Function: Replaces the speech for specific subtitle entries in an existing audio file. This can be used to correct pronunciation, change lines, or replace a character's voice entirely.
Parameters:
- entries_to_replace: Enter the subtitle numbers from the SRT file that you want to replace, separated by spaces (e.g., 1 3 5). The node will generate new audio using the provided voice and the text from the corresponding subtitle number, then replace it at the correct time in the original audio.
- Note: This refers to the subtitle number, not its order in the file. For example, in a non-standard subtitle file with numbers 1 2 3 5 6, entering 4 will not match anything. If a number is duplicated (e.g., 1 2 3 4 4 5), entering 4 will process both entries numbered 4.

Common Parameters

normalize_text: Normalizes the text before synthesis. For example, when enabled, the number 50 will be read as "fifty" instead of "five zero".
stretch_method: Method for time-stretching the audio to align the generated speech with the subtitle's duration.
- none: No stretching is applied. If the generated audio is longer than the subtitle duration, it will overlap with the next line.
- librosa: Uses the librosa library for time-stretching. The quality can be inconsistent; you can adjust stretch_n_fft and stretch_hop_length to mitigate artifacts like "metallic" sounds.
- pydub: Uses the pydub library, which generally produces better results than librosa. This method requires FFmpeg to be installed and configured in your system's PATH.
cfg_value: Defaults to 2.0, which is a balanced setting. Higher values can sometimes improve results but may lead to instability.
inference_timesteps: The number of inference steps. 10 steps can produce good results, but more steps can further improve audio quality.
retry_threshold: The threshold for triggering a retry. The model compares the length ratio of the generated audio to the input text. If this ratio exceeds the threshold (meaning the audio is too long for the text), it's considered a failure and triggers a retry. For very slow speakers, you may need to increase this value (e.g., to 8.0 or 10.0).
retry_max_attempts: The maximum number of retries. When a generation fails, the model discards the result and tries again with a new random seed. Set to 0 to disable this feature.

Model Download

Auto-Download (Recommended): In the VoxCPM Loader node, select openbmb/VoxCPM-0.5B (Auto-Download). The model will be automatically downloaded and cached in ComfyUI's models/TTS folder.
Manual Download: You can also download all model files from VoxCPM-0.5B on Hugging Face and place them in a subfolder within ComfyUI's models/TTS directory, for example: \ComfyUI\models\TTS\VoxCPM-0.5B.

Example Workflows

1. Generate Audio from SRT (SRT to Speech)
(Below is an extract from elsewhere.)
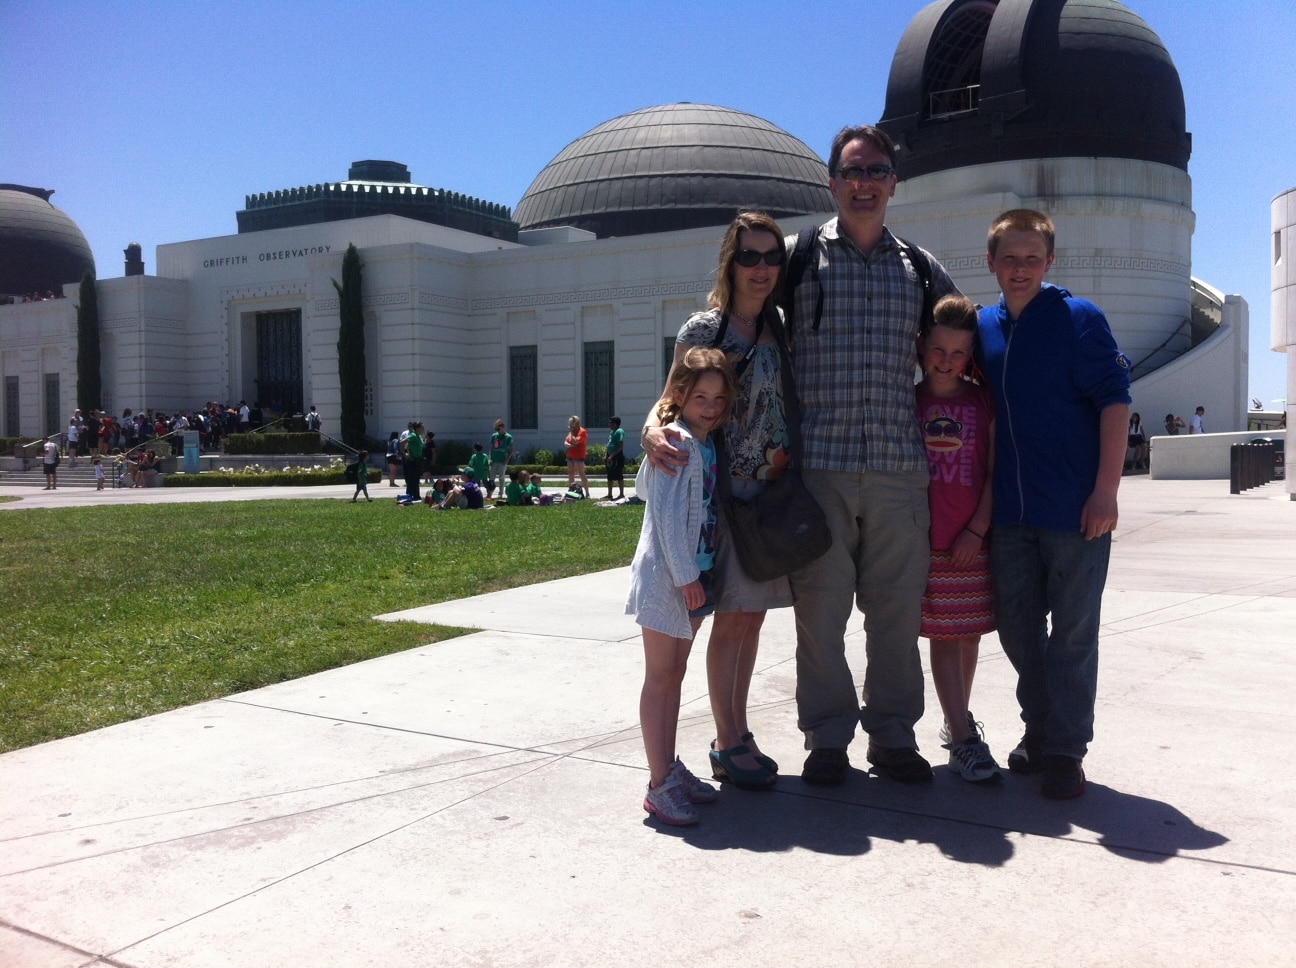 Griffith Observatory family

Workflow File: SRT Processor Workflow
Screenshot:

2. Edit Audio with SRT (Dubbing)

Workflow File: SRT Dubber Workflow
Screenshot:

3. Transfer language with SRT

Workflow File: SRT Dubber Workflow
Screenshot:

Example

Mr.Ma.mp4

Additional Notes

I have only a little knowledge of python code. This node is based on VoxCPM, and the code was written with the assistance of Gemini 2.5 Pro.

The node still has some areas for improvement (like torch.compile compatibility and the model offloading mechanism). Due to limitations in my personal time and skills, I warmly welcome anyone in the community to freely use, modify, and improve this node, while respecting the VoxCPM license. Your contributions are appreciated!